2. 类似uniform,还有以下随机数产生函数：
    a. randint: 原型：numpy.random.randint(low, high=None, size=None, dtype='l')，产生随机整数；
    b. random_integers: 原型： numpy.random.random_integers(low, high=None, size=None)，在闭区间上产生随机整数；
    c. random_sample: 原型： numpy.random.random_sample(size=None)，在[0.0,1.0)上随机采样；
    d. random: 原型： numpy.random.random(size=None)，和random_sample一样，是random_sample的别名；
    e. rand: 原型： numpy.random.rand(d0, d1, ..., dn)，产生d0 - d1 - ... - dn形状的在[0,1)上均匀分布的float型数。
    f. randn: 原型：numpy.random.randn（d0,d1,...,dn),产生d0 - d1 - ... - dn形状的标准正态分布的float型数

# -*- coding: utf-8 -*-

import matplotlib.pyplot as plt

import numpy as np  

s = np.random.uniform(0,1,1200)      # 产生1200个[0,1)的数

count, bins, ignored = plt.hist(s, 12, normed=True)

 """

 hist原型：

         matplotlib.pyplot.hist(x, bins=10, range=None, normed=False, weights=None,

         cumulative=False, bottom=None, histtype='bar', align='mid',

         orientation='vertical',rwidth=None, log=False, color=None, label=None,

         stacked=False, hold=None,data=None,**kwargs) 

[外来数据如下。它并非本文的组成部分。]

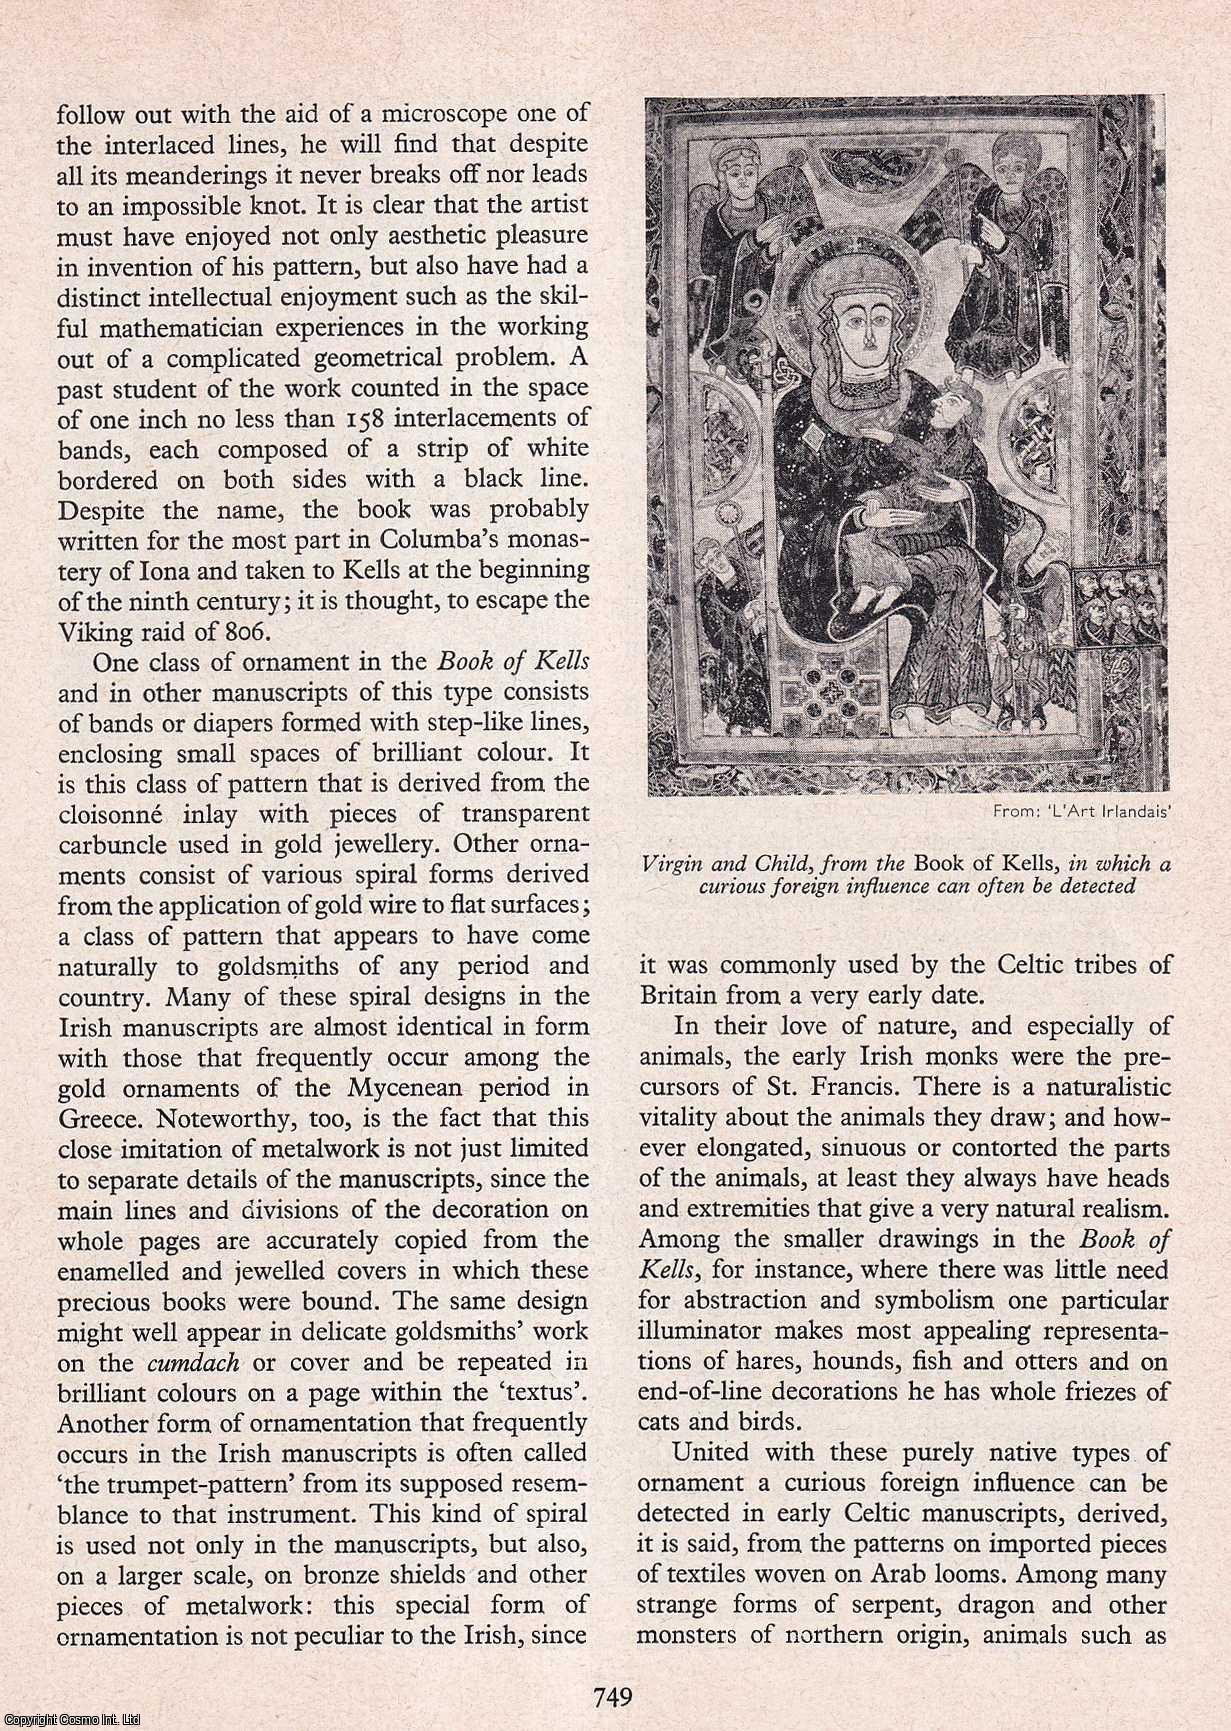 J.J.N. McGurk - The Celtic School of Manuscript Illumination. An original article from History Today magazine, 1966.

 输入参数很多，具体查看matplotlib.org,本例中用到3个参数，分别表示：s数据源，bins=12表示bin

 的个数，即画多少条条状图，normed表示是否归一化，每条条状图y坐标为n/(len(x)`dbin),整个条状图积分值为1 

 输出：count表示数组，长度为bins，里面保存的是每个条状图的纵坐标值

      bins:数组，长度为bins+1,里面保存的是所有条状图的横坐标，即边缘位置

      ignored: patches，即附加参数，列表或列表的列表，本例中没有用到。

"""

plt.plot(bins, np.ones_like(bins), linewidth=2, color='r')

plt.show()

在分布中标准正态分布和正态分布很重要，因为分布状态类似高斯分布，这个在数据样本产生中经常使用。

normal和standnormal，但是这些可以通过randn生成。

随机数生成器

RandomState	Container for the Mersenne Twister pseudo-random number generator.
`seed`([seed])	Seed the generator.
`get_state`()	Return a tuple representing the internal state of the generator.
`set_state`(state)	Set the internal state of the generator from a tuple.

numpy.random.seed()是个很有意思的方法，它可以使多次生成的随机数相同。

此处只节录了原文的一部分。